Hi,
I am interested in implementing layer-wise quantization in glow.
I have looked through the issue just about this topic ([Quantization] layer-wise quantization · Issue #4982 · pytorch/glow · GitHub), but it seems to be left untouched.
My question is, given node list of type glow::Node
(or node name list e.g. Conv_conv_1__2
) in a model, and each node has its quantization options respectively (for example, these options can be enableChannelwiseOpt
, quantizationCalibrationOpt
, keepOriginalPrecisionForNodesOpt
, …), how do we incorporate these info to the code? Below I will explain a little more backgrounds.
Model profiling or model compiling, whichever it is, glow takes roughly three steps for the model loader:
- load the model (
loader.loadModel()
) - get compilation settings (
loader.getCompilationContext(QuantizationMode)
) - compile the model using the
CompilationContext
config (loader.compile(cctx)
)
For simplicity, I think the first thing to do is load and add quantization options to all of the nodes in a model, in 2.

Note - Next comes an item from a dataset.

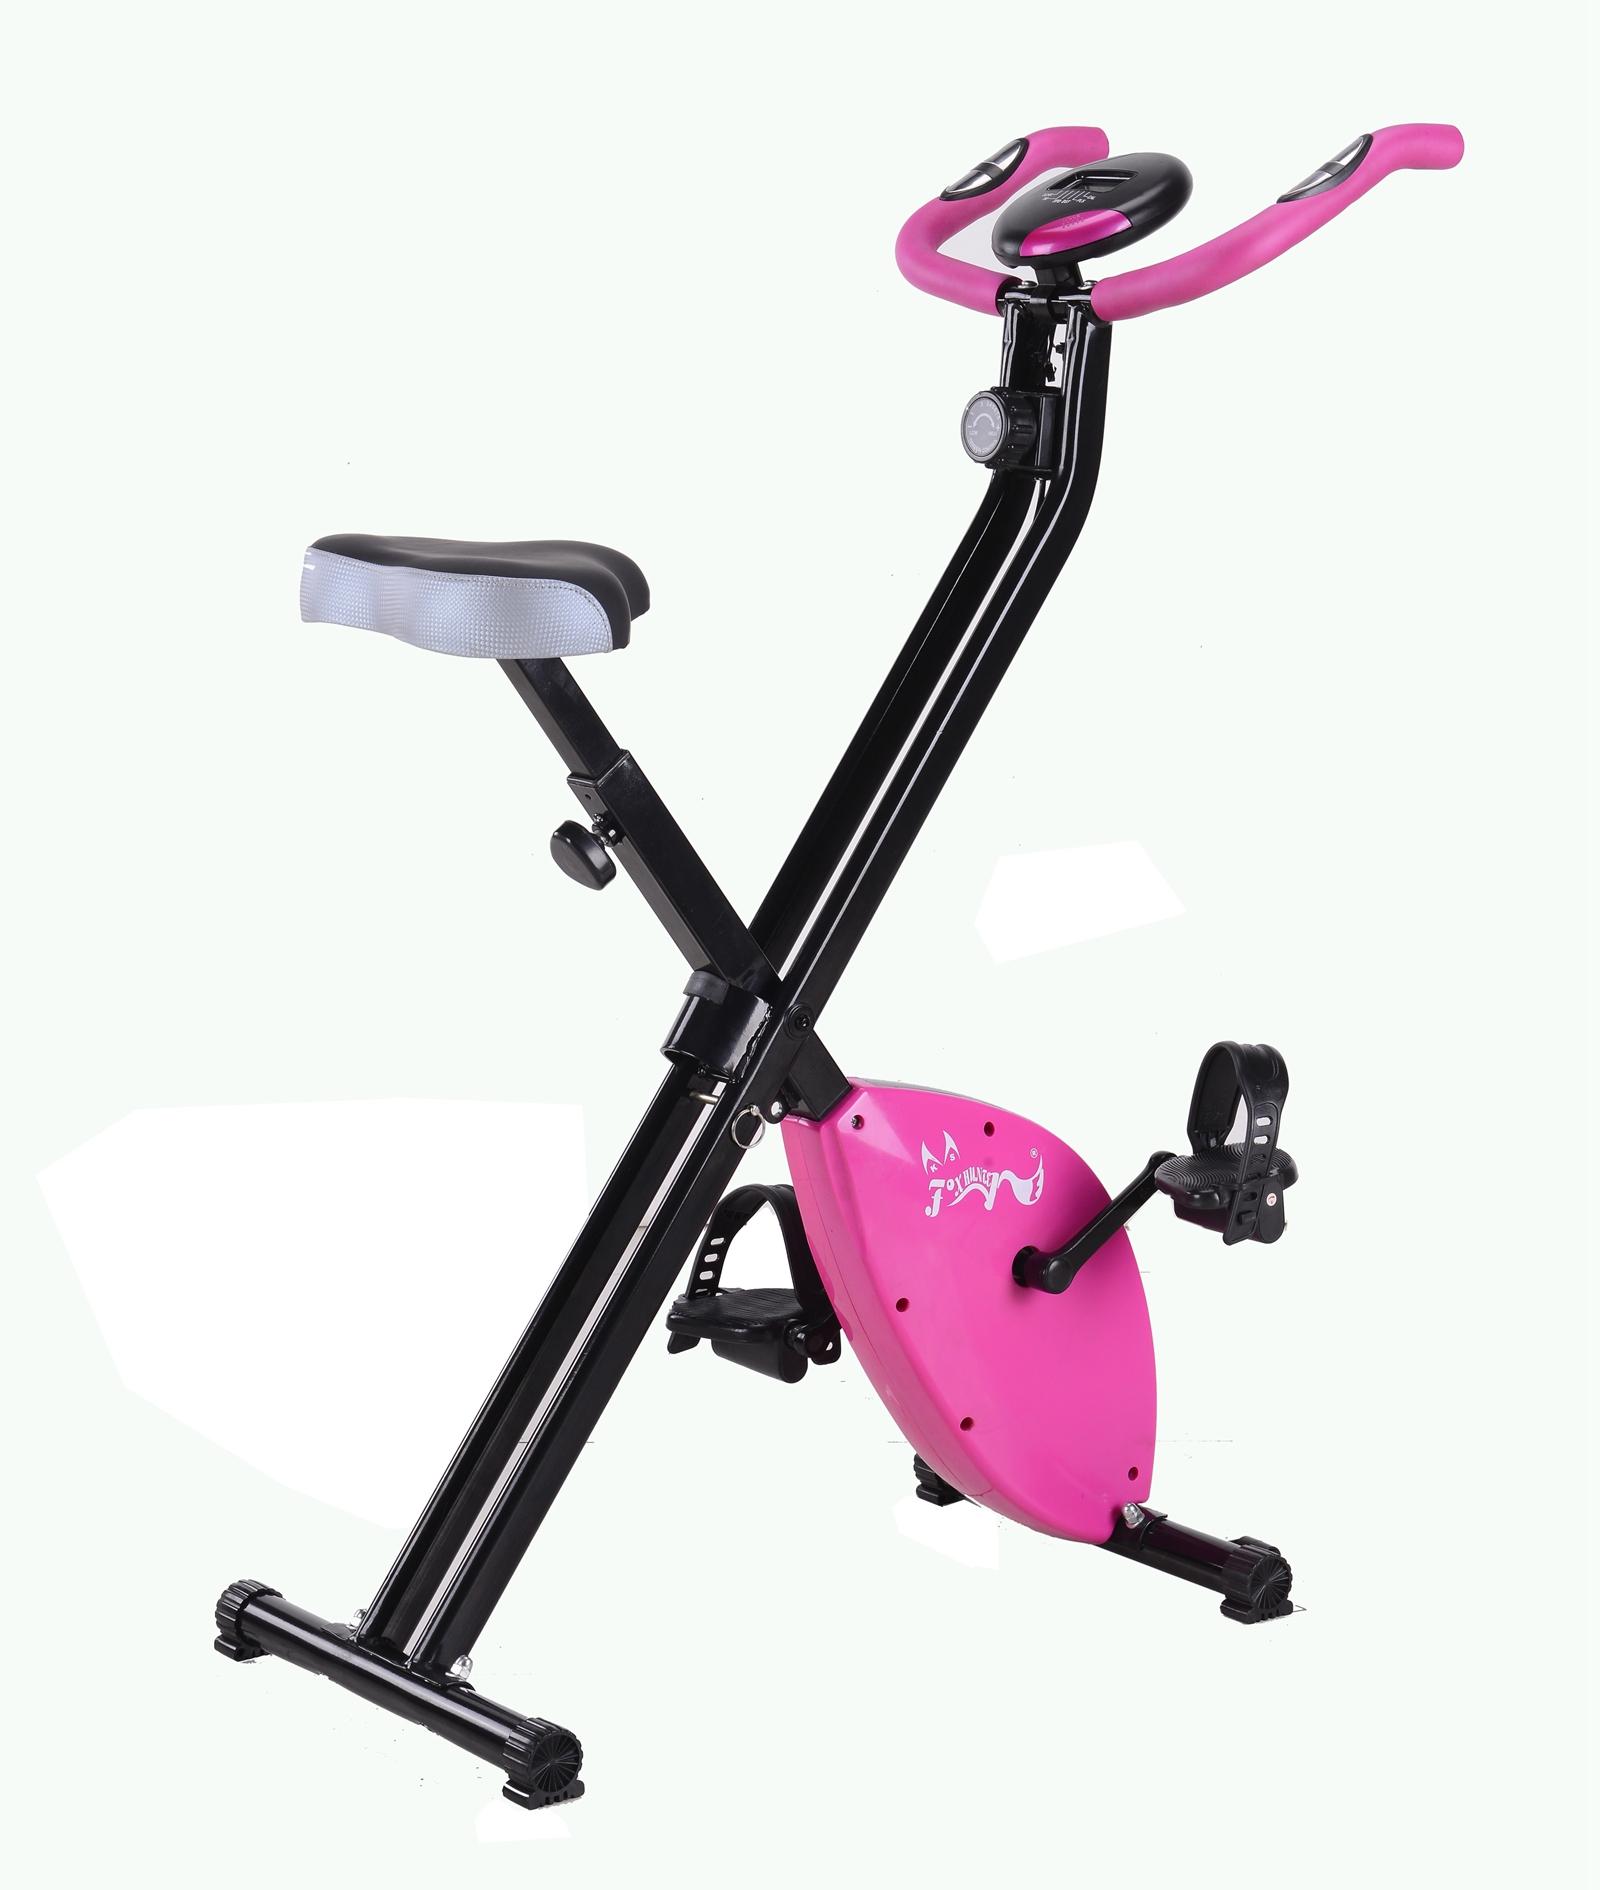 foxhunter roseo v lo d 39 exercice pliable magn tique bicyclette en forme x cardio ebay. Black Bedroom Furniture Sets. Home Design Ideas

. To contain these info, we can add a map to precConfig
of type PrecisionConfiguration
. For example, the map’s key is the node names, and the value is also a map, with the key quantization options and the value the actual preferences. This is done by modifying Loader::getCompilationContext
function in Loader.cpp
.
Then, modify transformForPrecisionMode
function in GraphOptimizer.cpp
, as mentioned at the issue link above. This function is called in optimizeFunction
in the same file, which is called in Loader::compile
function in step 3.
(I suppose).
In transformForPrecisionMode
, if we conduct profiling, profileQuantization
function in GraphOptimizer/Quantization.cpp
will be called. Or if we want to execute quantization, quantizeFunction
function in quantization/Quantization.cpp
will be called.
Either way, I am not sure exactly where to relate the above layer-wise config to these functions. I don’t see modification points in the former case (profiling), because profiling nodes themselves being inserted are not related to configs like calibration method and precision selection, and these are for executing quantization. The latter, however, since the quantizeFunction
function creates an FunctionQuantizer
instance inside it, I know there are some member functions to be modified in that class. Although I looked at the class, it"s a little complex and I didn’t manage to find where to implement.
Also, glow::lower
function in Lower.cpp
needs some expansion, since KindSet
doNotLowerKinds
is included there. What do you think?
To sum up, it is not clear to me that what functions called in/after transformForPrecisionMode
should be modified, and how. Additionally if any functions other than transformForPrecisionMode
needs to be changed, I would like to know what they are.
Any hints or thoughts?